Friday, March 11, 2016

COFFEE WITH SISTER VASSA





"By the rivers of Babylon--there we sat down and there we wept when we remembered Zion.  On the willows there we hung up our harps.  For there our captors asked us for songs, and our tormentors asked for mirth, saying, 'Sing us one of the songs of Zion?' How could we sing the Lord's song in a foreign land?  If I forget you, O Jerusalem, let my right hand wither!'" (Ps 136/137:1-5)

This Psalm, which expresses the sadness of the Jewish people in exile after the Babylonian conquest of Jerusalem in 607 BC, is sung at Byzantine matins on the three Sundays preceding Lent.  It prepares us for the voluntary "exile" of Lent, during which we focus in a special way on the sadness and yearning of humanity after Adam's "exile" from paradise, and before the coming of The Awaited One, Jesus Christ.  On the weekdays of Lent, for example, we "abstain" from celebrating the joyous service of Divine Liturgy, and thus "hang up our harps" for most of the week.

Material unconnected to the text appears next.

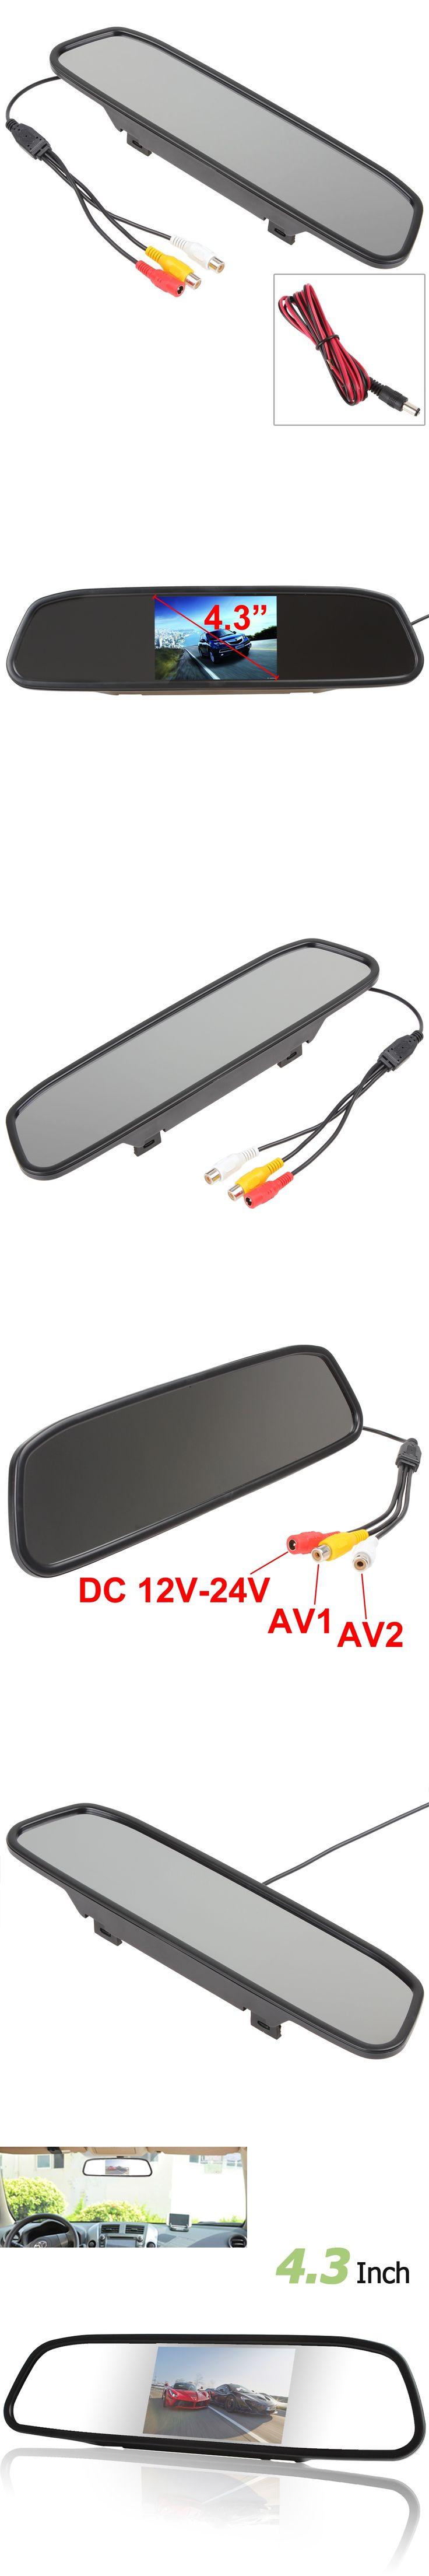 CAR HORIZON Car Mirror Monitor 4.3 inch Color Digital TFT-LCD Screen Car Rear View Mirror Monitor 480x272 Car Monitor

Today let me not hesitate to recognize my human sadness, my yearning to "come home" to my Father's land of perfect harmony, peace, and unity.  Let me not slip into self-contentment and imagined self-sufficiency, which is the kiss of death to spiritual growth and thirst.  Today let me "remember" the heavenly Jerusalem, from which I distance myself, again and again, admits my responsibilities and relationships.  I need not cover this up in "songs" and "mirth", as I prepare for Lent, but rather take some time to "sit down," to "weep," and to "remember Zion."